Work order: Instruction for the entries below: return the part that opens with the line containing "1:1 échelle Arc" and closes with the line containing "Atmor Platinum Tri", exactly, and no pictures.

Records for this exercise:
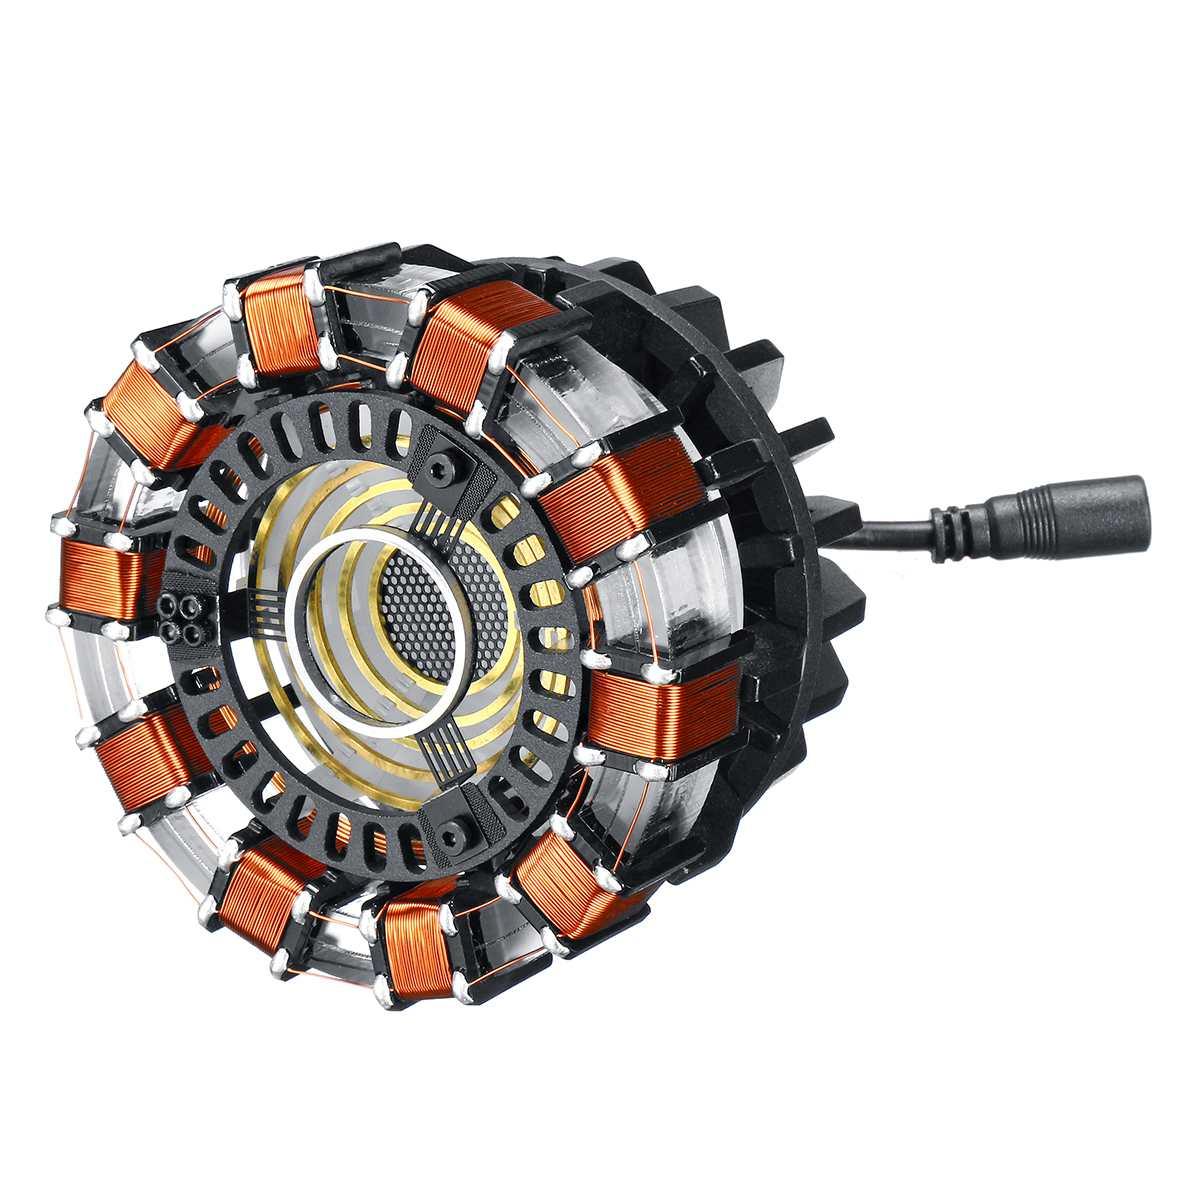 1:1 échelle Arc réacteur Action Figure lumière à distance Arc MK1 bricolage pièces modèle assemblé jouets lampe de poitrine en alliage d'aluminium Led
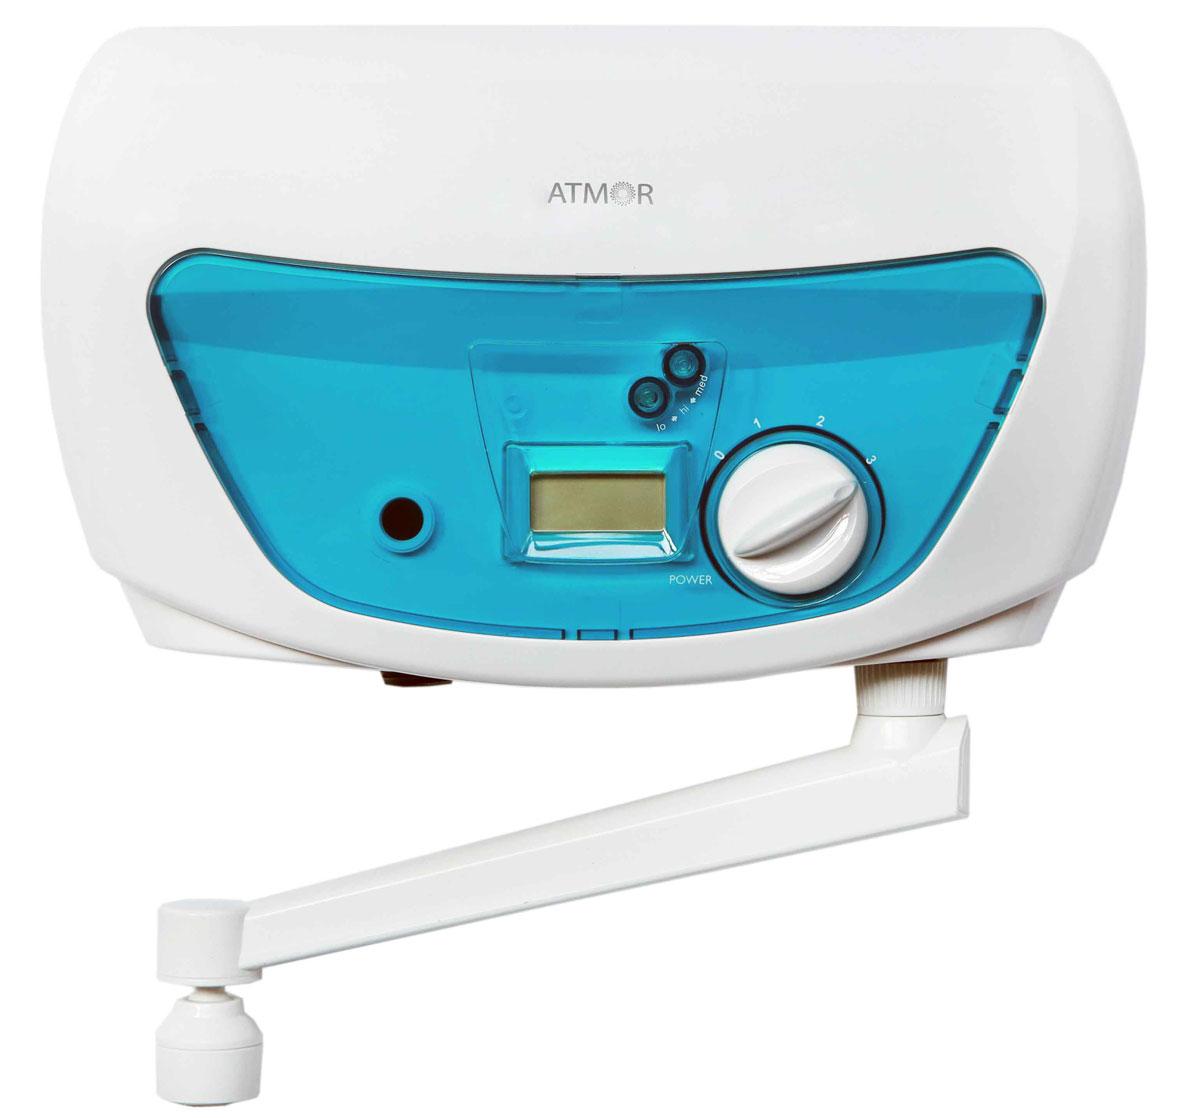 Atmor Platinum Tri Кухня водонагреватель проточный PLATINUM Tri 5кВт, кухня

==

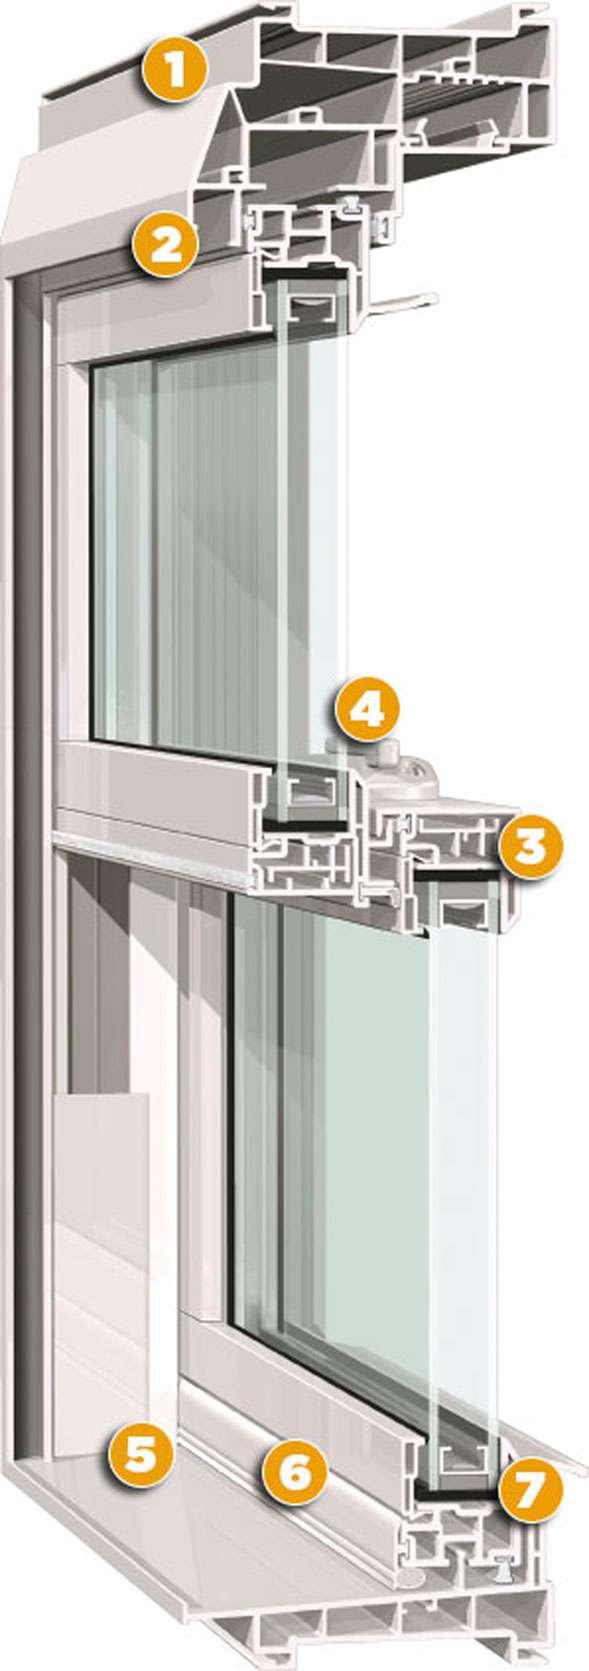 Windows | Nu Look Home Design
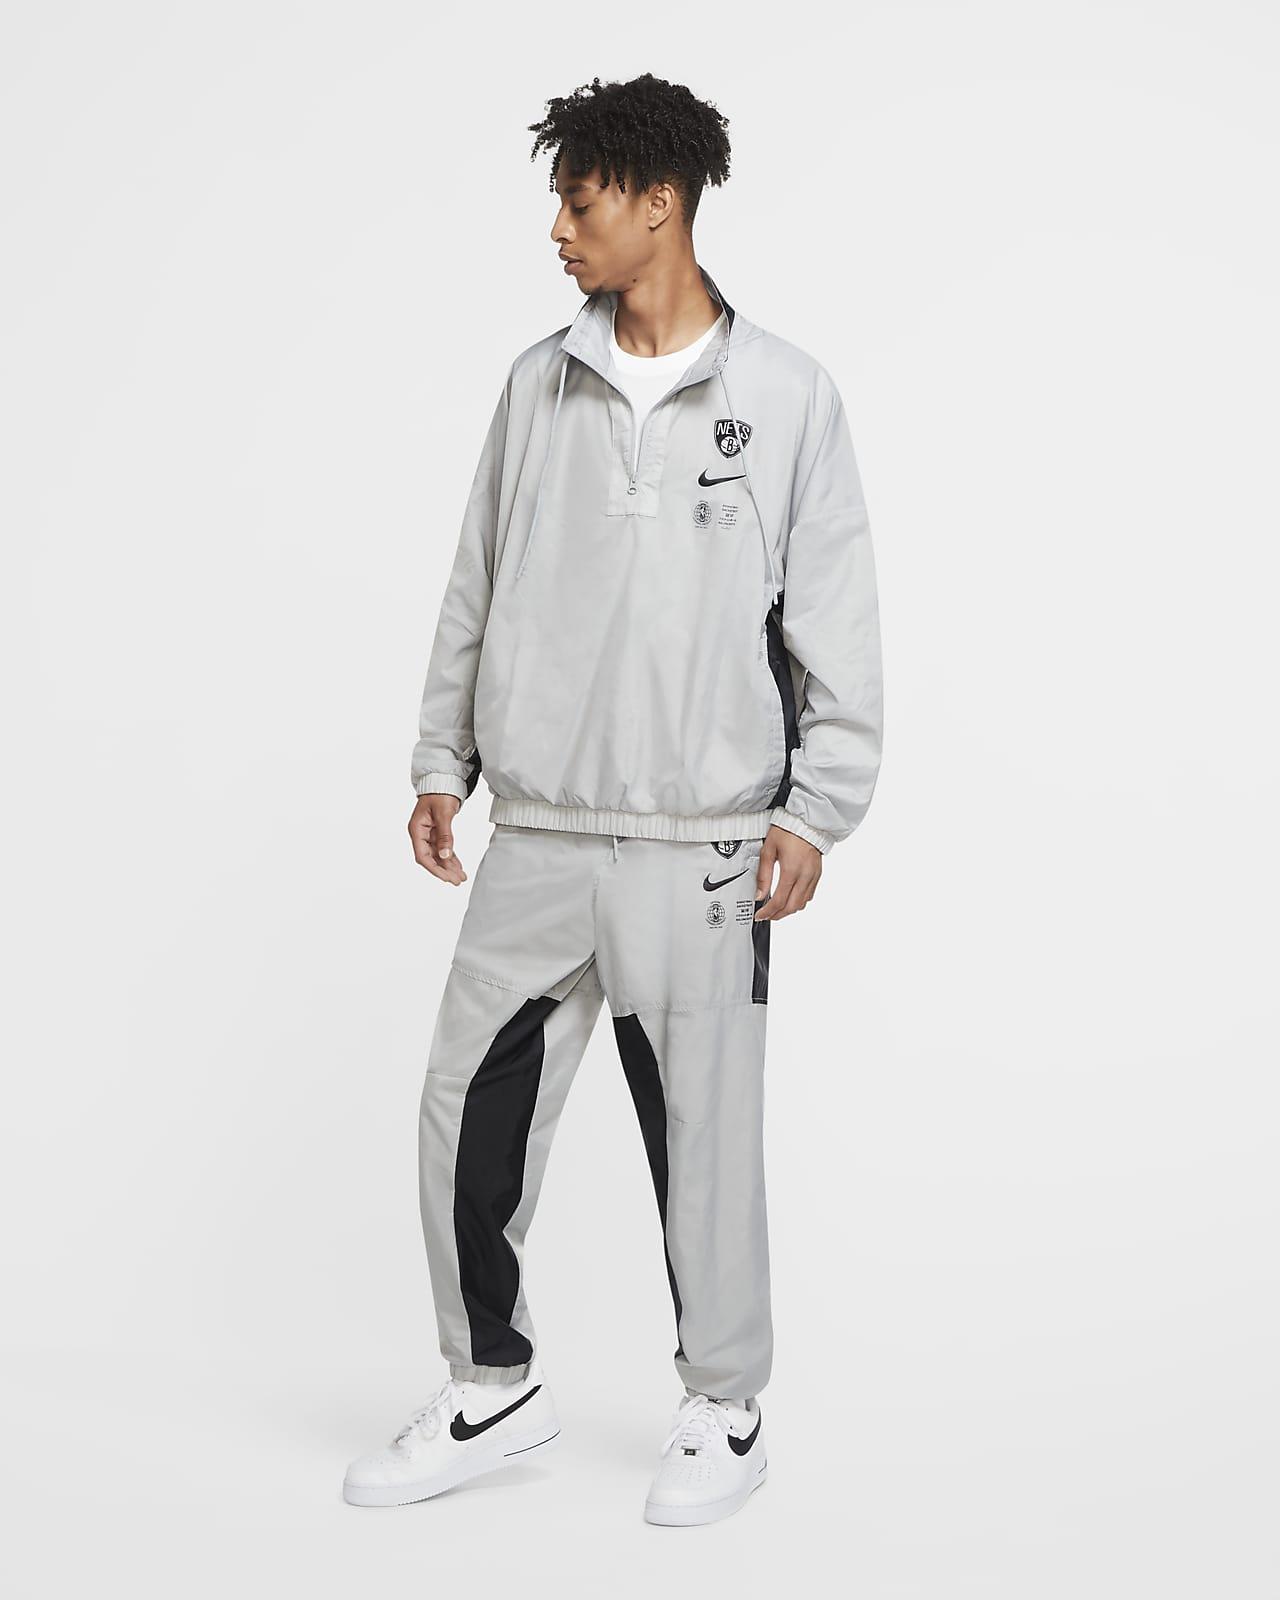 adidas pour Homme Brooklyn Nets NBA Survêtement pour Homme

Task solution:
 1:1 échelle Arc réacteur Action Figure lumière à distance Arc MK1 bricolage pièces modèle assemblé jouets lampe de poitrine en alliage d'aluminium Led
 Atmor Platinum Tri Кухня водонагреватель проточный PLATINUM Tri 5кВт, кухня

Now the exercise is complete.